DriveNets was founded in 2015 by telco experts Ido Susan and Hillel Kobrinsky who are committed to creating the best performing CSP Networks and improving its economics. Network Cloud was designed and built for CSPs (Communications Service Providers), addressing their strict resilience, security and QoS requirements, with zero compromise. 

“We believe Network Cloud will become the networking model of the future,” said DriveNets co-founder and CEO Ido Susan, in a statement. “We’ve challenged many of the assumptions behind traditional routing infrastructures and created a technology that will allow service providers to address their biggest challenges like the exponential capacity growth, 5G deployments and low-latency AI applications.”’

The Solution:

Network Cloud does not use open-source code. It’s an “unbundled” networking software solution, which runs over a cluster of low-cost white box routers and white box x86 based compute servers. DriveNets has developed its own Network Operating System (NOS) rather than use open source or Cumulus’ NOS as several other open networking software companies have done.

Fully disaggregated, its shared data plane scales-out linearly with capacity demand.  A single Network Cloud can encompass up to 7,600 100Gb ports in its largest configuration. Its control plane scales up separately, consolidating any service and routing protocol. 

Network Cloud data-plane is created from just two building blocks white boxes – NCP for packet forwarding and NCF for fabric, shrinking operational expenses by reducing the number of hardware devices, software versions and change procedures associated with building and managing the network. The two white-boxes (NCP and NCF) are based on Broadcom’s Jericho2 chipset which has high-speed, high-density port interfaces of 100G and 400G bits/sec. A single virtual chassis for max ports might have this configuration:  30720 x 10G/25G / 7680 x 100G / 1920 x 400G bits/sec.

Last month, DriveNets disaggregated router added 400G-port routing support (via whitebox routers using the aforementioned Broadcom chipset).  The latest Network Cloud hardware and software is now being tested and certified by an undisclosed tier-1 Telco customer.

“Just like hyper-scale cloud providers have disaggregated hardware and software for maximum agility, DriveNets is bringing a similar approach to the service provider router market. It is impressive to see it coming to life, taking full advantage of the strength and scale of our Jericho2 device,” said Ram Velaga, Senior Vice President and General Manager of the Switch Products Division at Broadcom.
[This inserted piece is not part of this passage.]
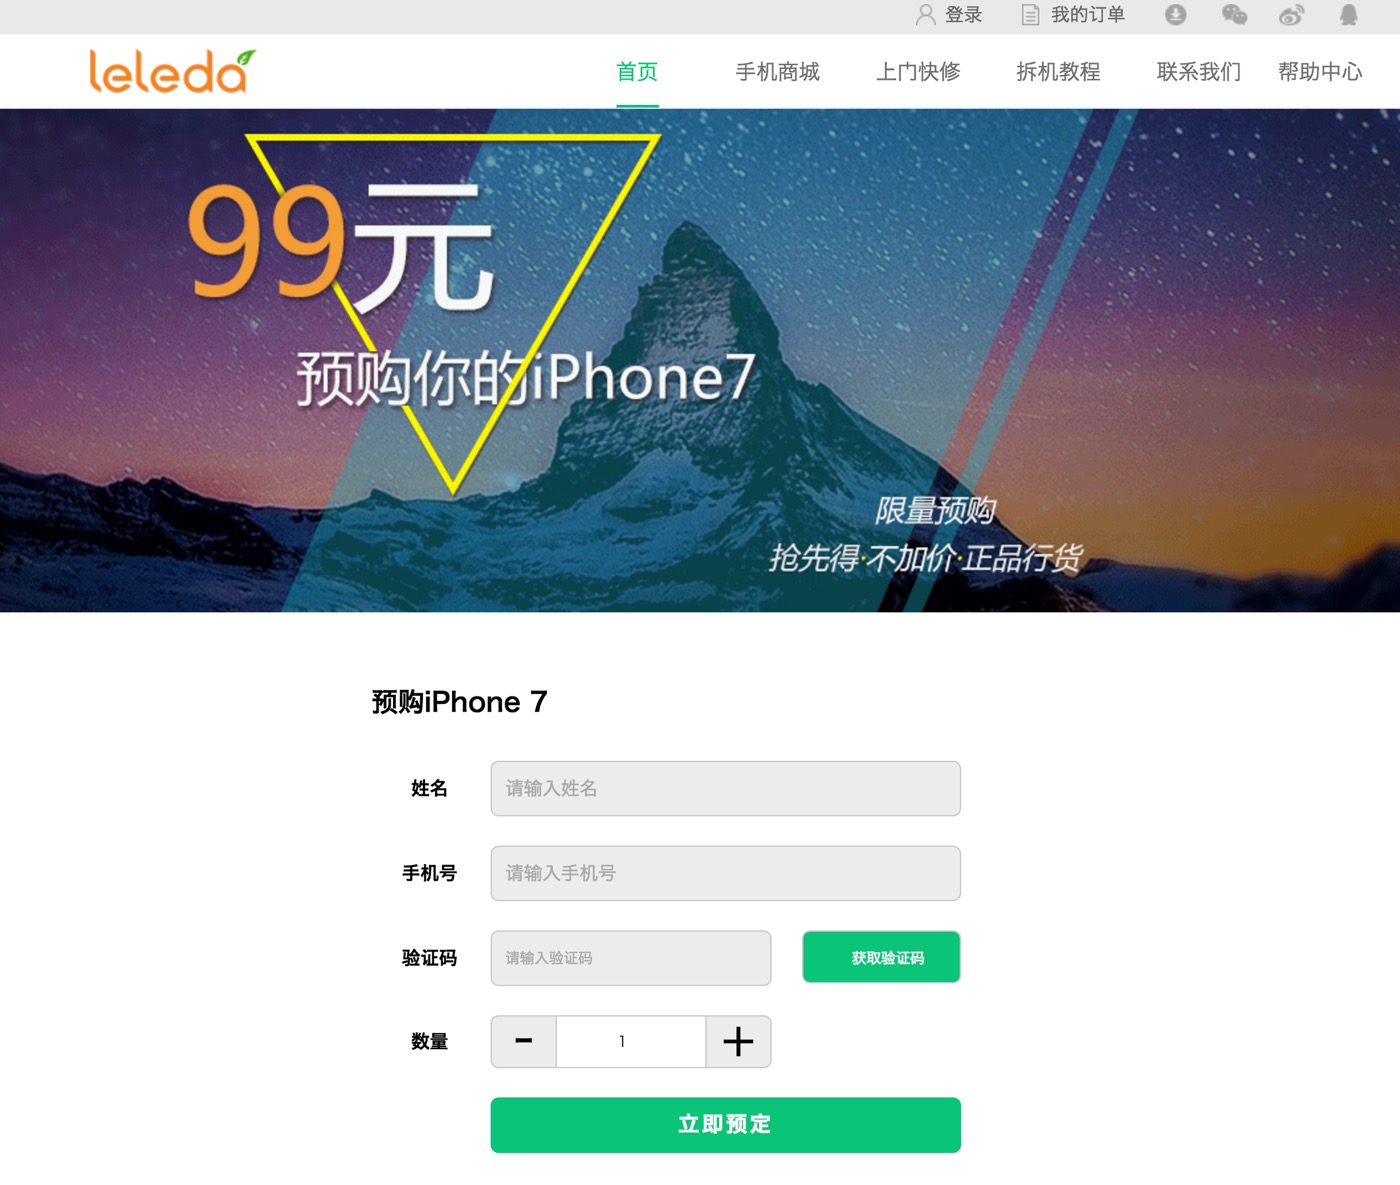 中国では早くも｢iPhone 7｣の予約受付が開始される

Network Cloud control-plane runs on a separate compute server and is based on containerized microservices that run different routing services for different network functions (Core, Edge, Aggregation, etc.). Where they are co-located, service-chaining allows sharing of the same infrastructure for all router services. 
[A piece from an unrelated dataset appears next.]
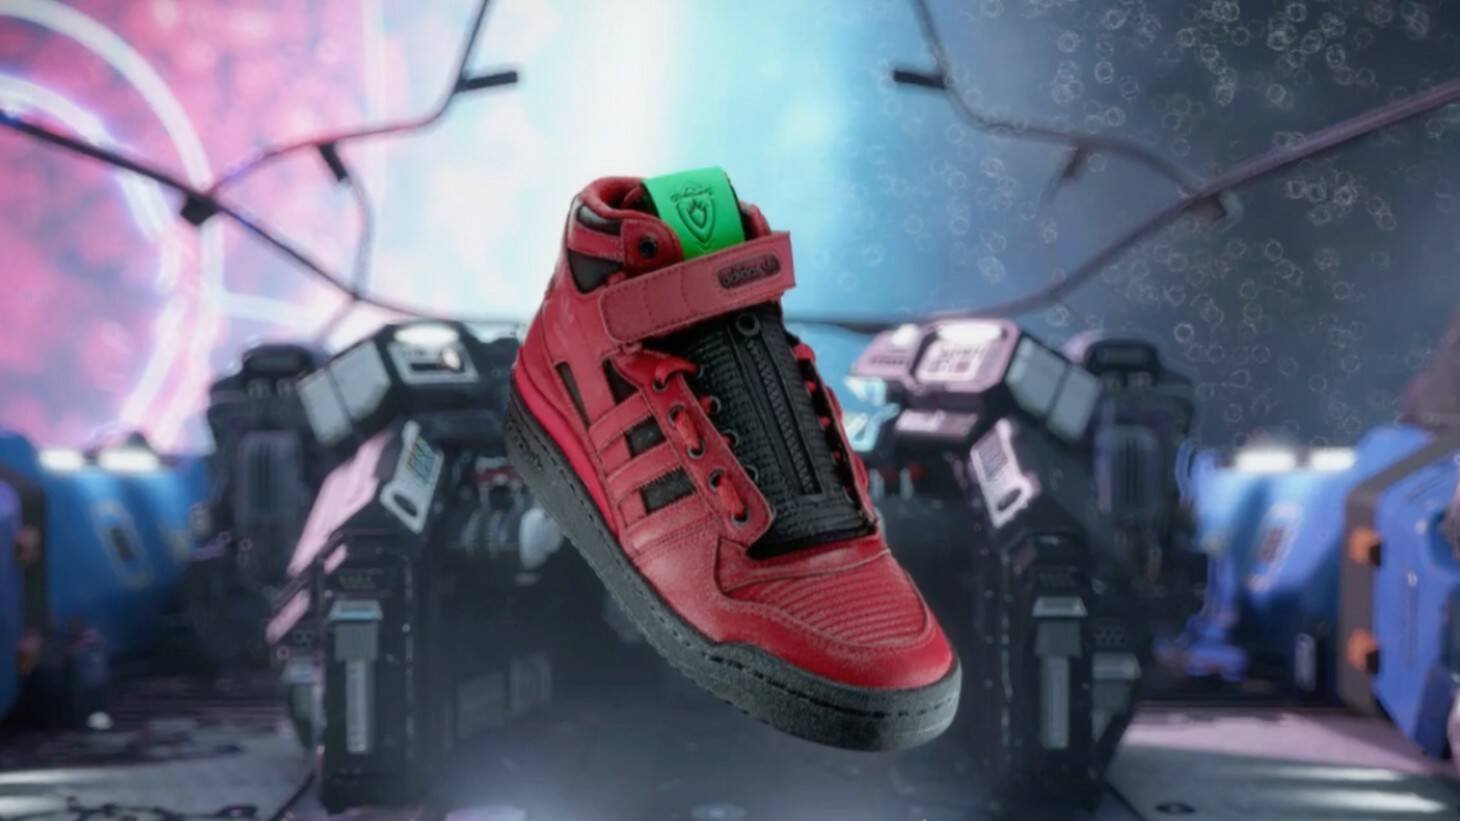 Adesso potrete avere lo stesso stile dei Guardiani della Galassia con le nuove scarpe del gioco

Multi-layer resiliency, with auto failure recovery, is a key feature of Network Cloud.  There is inter-router redundancy and geo-redundancy of control to select a new end to end path by routing around points of failure.

Network Cloud’s orchestration capabilities include Zero Touch Provisioning, full life cycle management and automation, as well as superior diagnostics with unmatched transparency.  These are illustrated in the figures below:

Image Courtesy of DriveNets


Future New Services:

Network Cloud is a platform for new revenue generation.  For example, adding 3rd party services as separate micro-services, such as DDoS Protection, Managed LAN to WAN, Network Analytics, Core network and Edge network.

“Unlike existing offerings, Network Cloud has built a disaggregated router from scratch. We adapted the data-center switching model behind the world’s largest clouds to routing, at a carrier-grade level, to build the world’s largest Service Providers’ networks. We are proud to show how DriveNets can rapidly and reliably deploy technological innovations at that scale,” said Ido Susan CEO and Co-Founder of DriveNets in a press release.